* RECORD EXCERPTS:

========================================

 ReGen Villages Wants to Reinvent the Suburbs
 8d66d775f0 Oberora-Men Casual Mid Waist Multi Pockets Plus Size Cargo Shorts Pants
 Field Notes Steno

========================================

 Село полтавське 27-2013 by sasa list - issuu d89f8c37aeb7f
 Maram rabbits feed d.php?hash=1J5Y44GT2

========================================

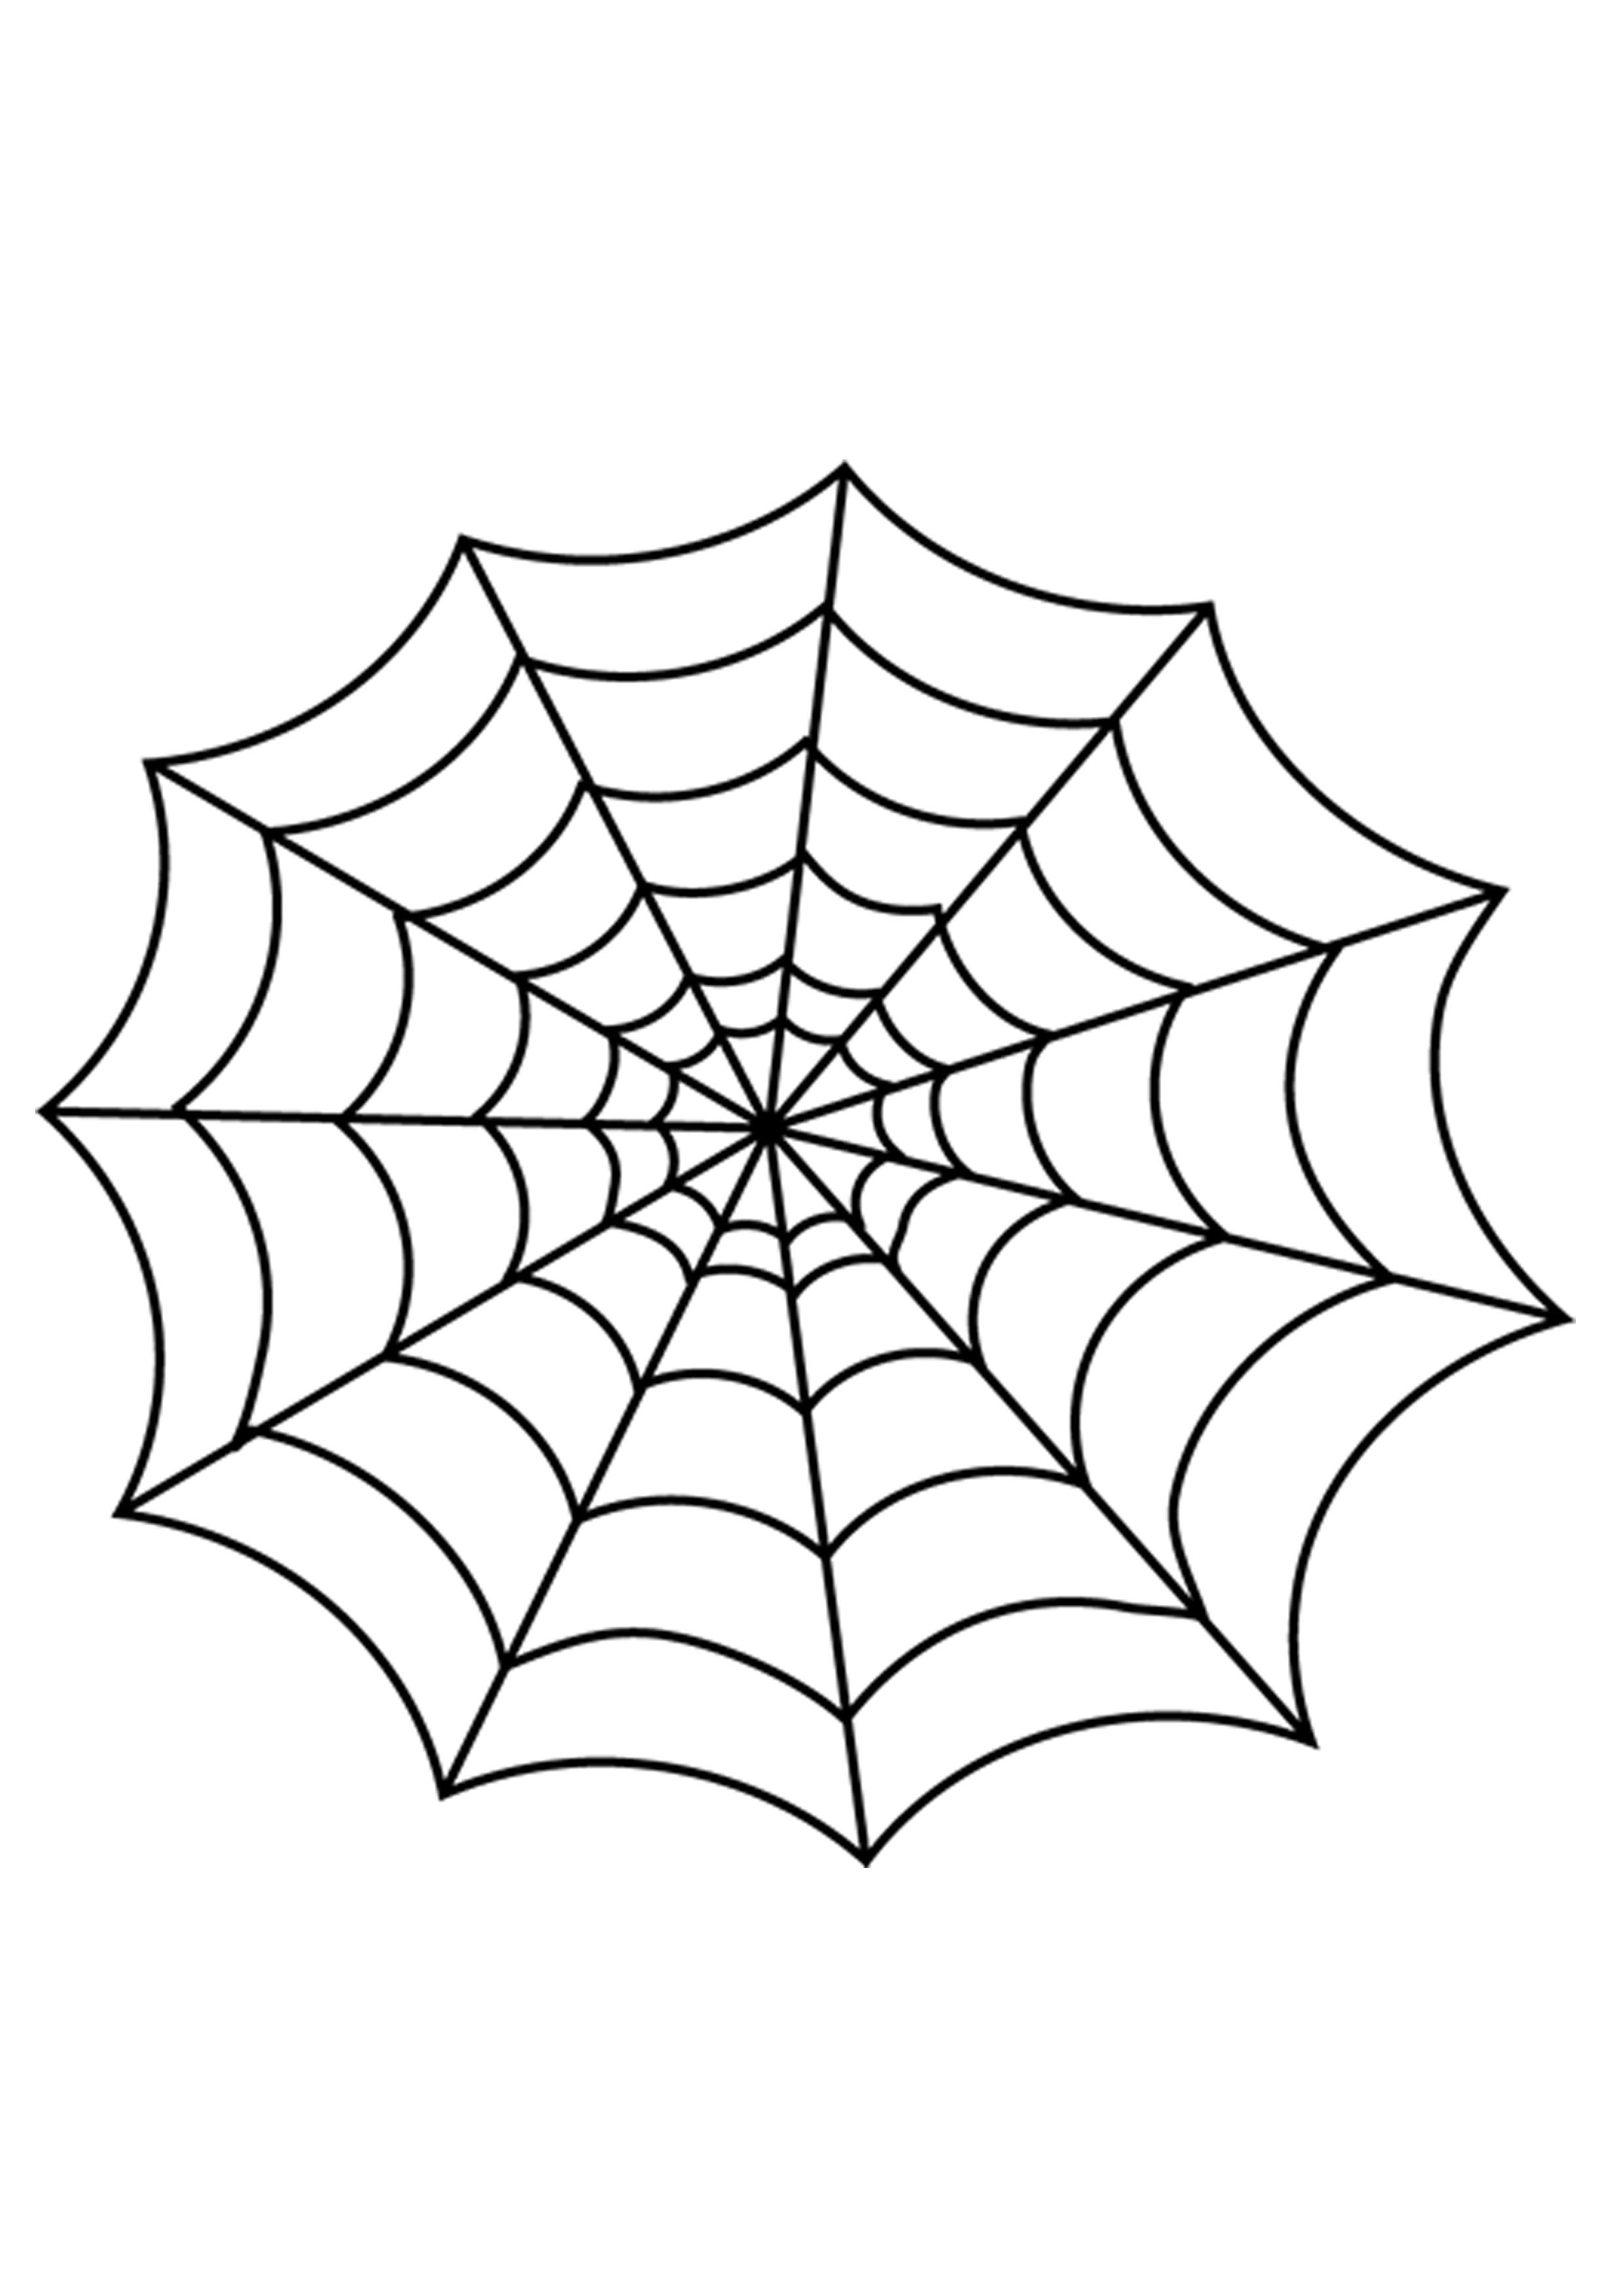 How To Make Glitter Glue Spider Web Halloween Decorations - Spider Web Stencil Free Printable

========================================

* TASK TO COMPLETE:
In the listing above, find the line holding "8d66d775f0 Oberora-Men Casual" and the line holding "Field Notes Steno", then output those two lines and every line between them exactly.

* WRITTEN RESPONSE:
 8d66d775f0 Oberora-Men Casual Mid Waist Multi Pockets Plus Size Cargo Shorts Pants
 Field Notes Steno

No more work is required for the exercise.